Washington Technology University
- Motto: "Grow, Explore, Learn"
- Type: Private
- Active: 2017–July 29, 2022
- President: Steve Olswang
- Location: Bellevue, Washington, United States
- Mascot: Red Pandas
- Website: washtechu.com

= Washington Technology University =

American private university

Washington Technology University (WTU) was an American private university based in Bellevue, Washington. The school offered a bachelor's degree in information security targeted at local residents wanting to join the Seattle technology industry, and admitted its first class in January 2018. On October 22, 2021, the Washington Student Achievement Council denied Washington Technology University's (WTU) application for renewal of authorization to operate in Washington. WTU had been authorized to operate in Washington State since 2017, and offered one degree program at its campus in Bellevue, Washington. The school officially shut down July 29, 2022.

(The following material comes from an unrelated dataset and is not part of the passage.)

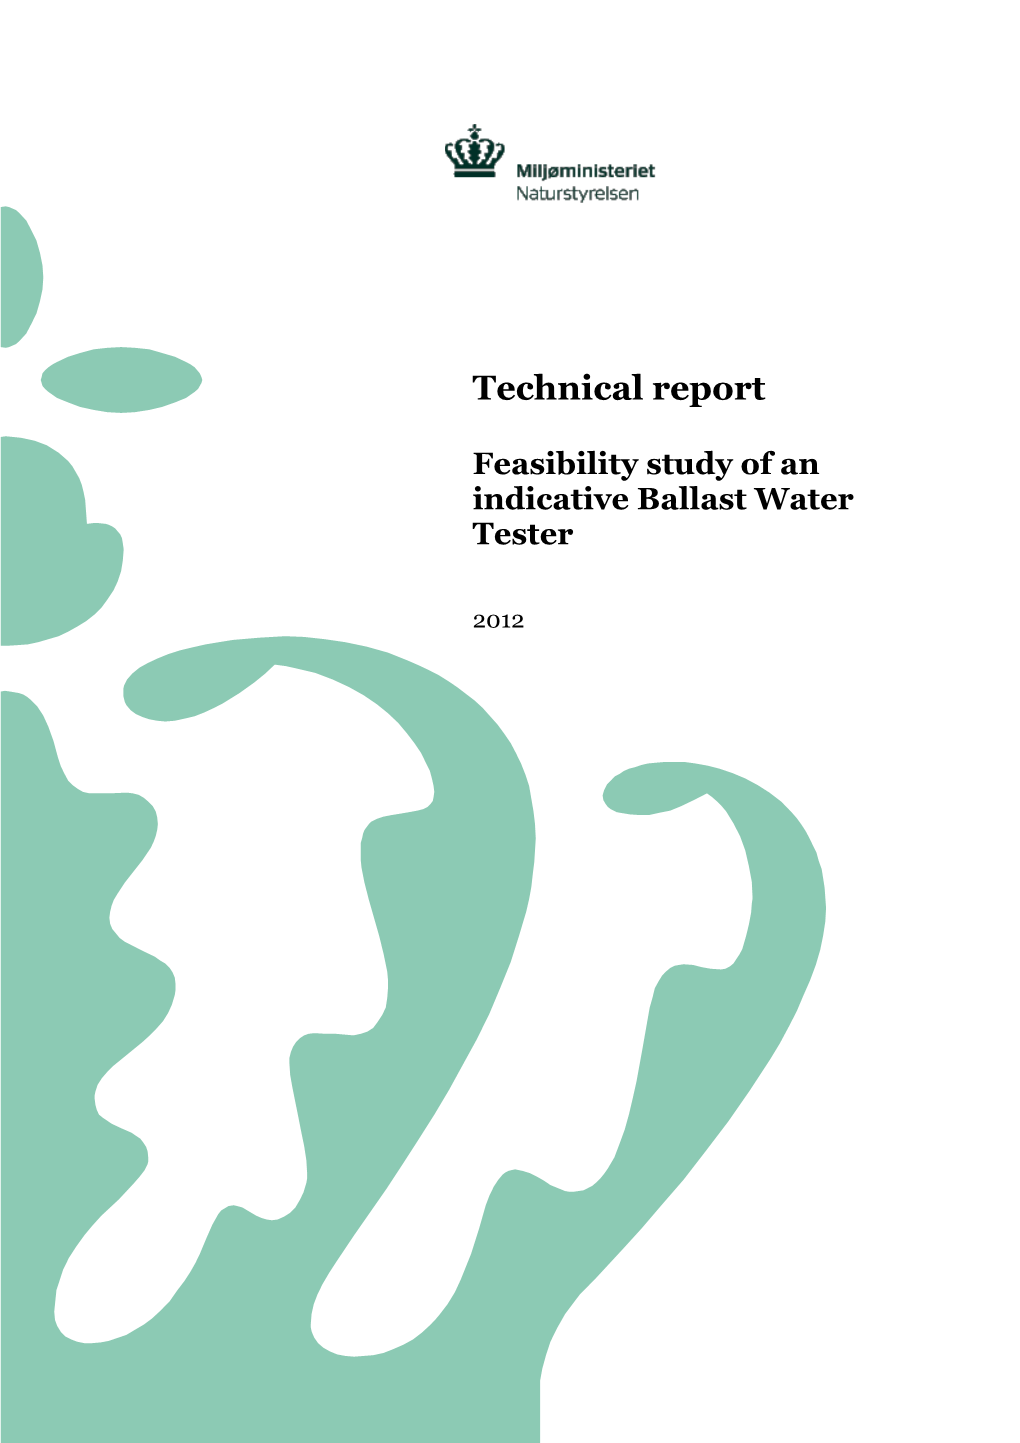 Technical Report Feasibility Study of an Indicative Ballast Water Tester

WTU may provide a teach-out of its currently enrolled students until those students complete their degree requirements but is not permitted to recruit or enroll new students. WTU indicated that it intends to appeal the denial of its application for renewal of authorization.

== Proposed branch campus ==
Beginning in August 2017, several months before the main campus opened to students, WTU was in discussions with landowners around North Bend to open a branch campus on part of the site of the former Mountain Meadows Farm. The campus would be combined with returning the farm to full agricultural production and would offer courses in technology as well as programs in agricultural science, viticulture, and hotel management. At a meeting about the project local residents expressed concerns such as increased traffic and load on sewer systems, with some aggressively opposing the project.